## Problem description
All of the data should be repeated exactly; pictures are not part of the copy.

━━━━━ Recorded data ━━━━━

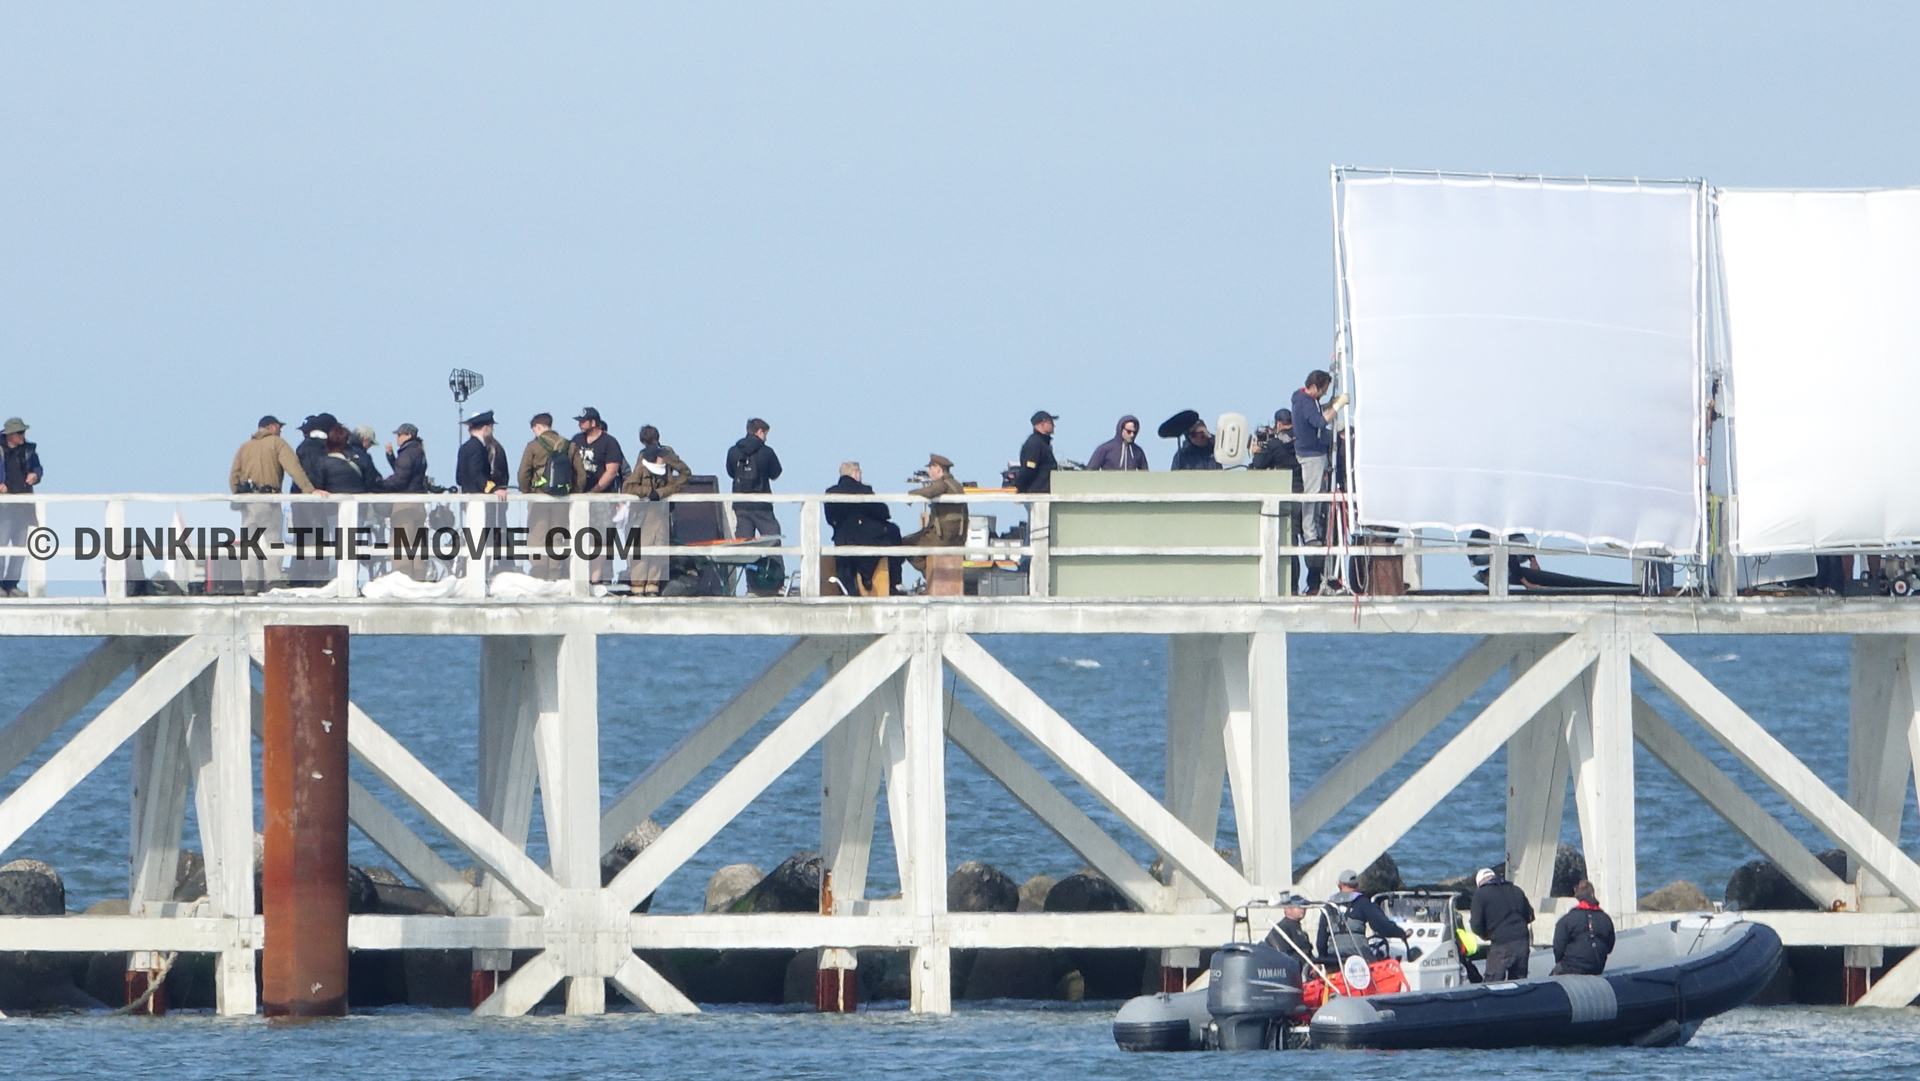 Photo avec ciel bleu, jetée EST, Kenneth Branagh, équipe technique, zodiac,  des dessous du Film Dunkerque de Nolan
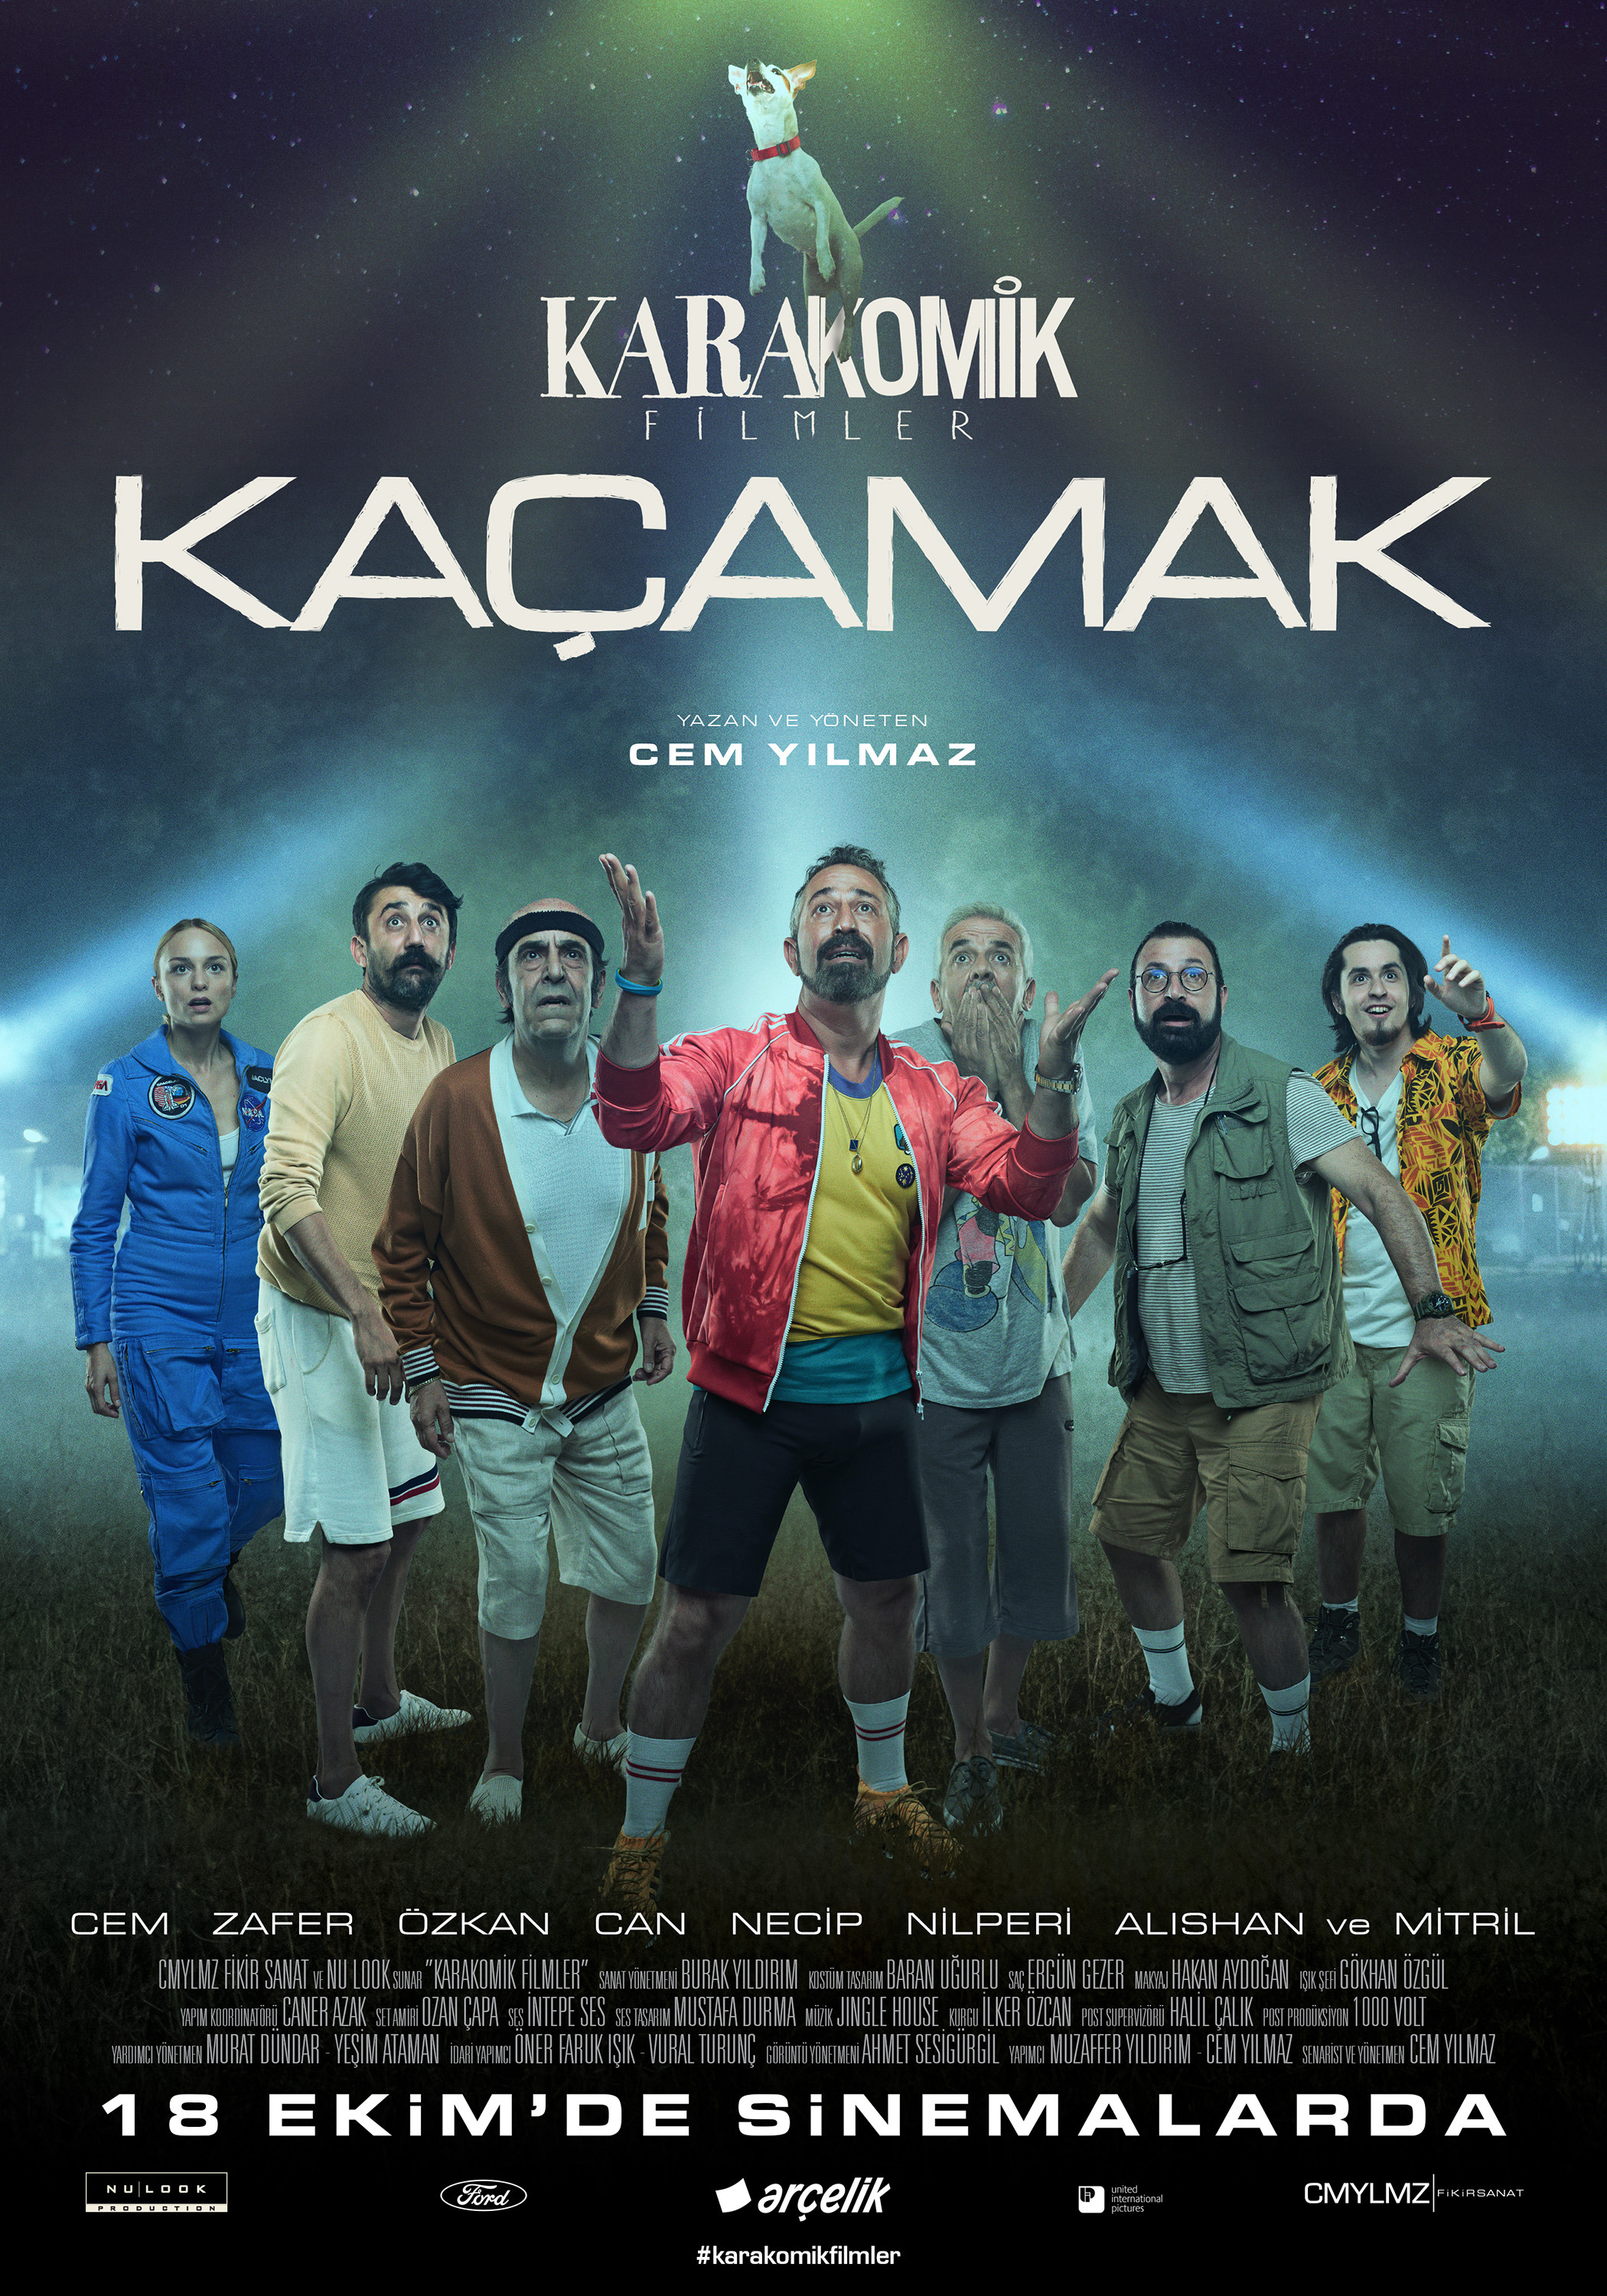 Mega Sized Movie Poster Image for Karakomik Filmler (#7 of 9)
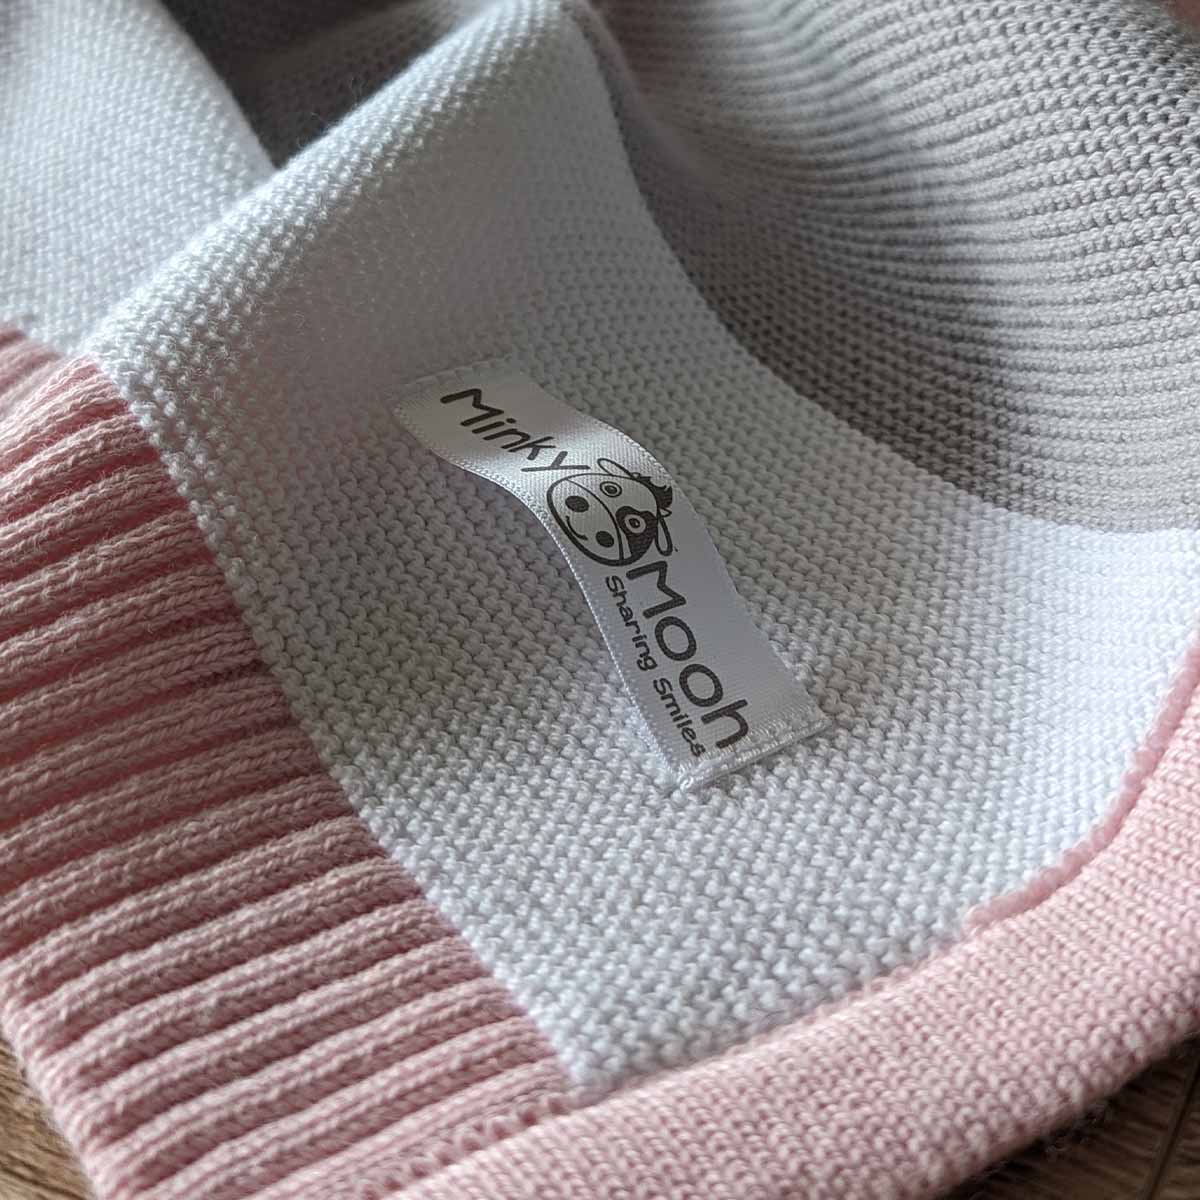 Nahaufnahme der Strick-Textur einer rosa-weiß-grauen Bio-Baumwolldecke mit Logo-Etikett 'Minky Mooh'
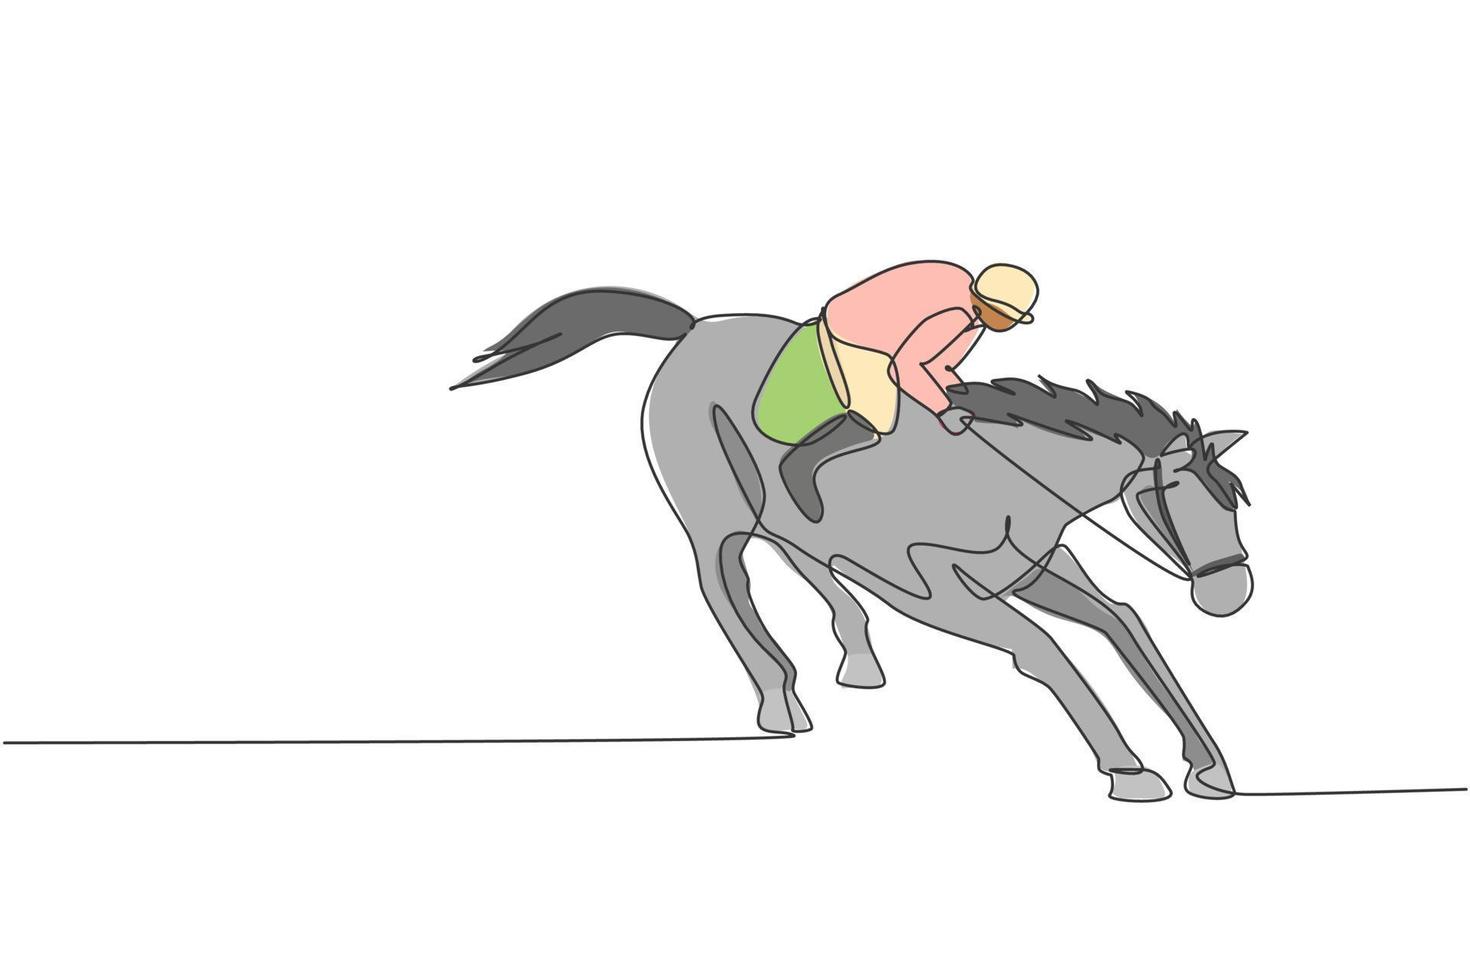 een doorlopende lijntekening van een jonge ruiter in actie. paarden training op racebaan. paardensport competitie concept. dynamische enkele lijn tekenen ontwerp grafische vectorillustratie vector

━━━━━

## Response area
 Photo avec ciel bleu, jetée EST, Kenneth Branagh, équipe technique, zodiac,  des dessous du Film Dunkerque de Nolan
 Mega Sized Movie Poster Image for Karakomik Filmler (#7 of 9)
 Nahaufnahme der Strick-Textur einer rosa-weiß-grauen Bio-Baumwolldecke mit Logo-Etikett 'Minky Mooh'
 een doorlopende lijntekening van een jonge ruiter in actie. paarden training op racebaan. paardensport competitie concept. dynamische enkele lijn tekenen ontwerp grafische vectorillustratie vector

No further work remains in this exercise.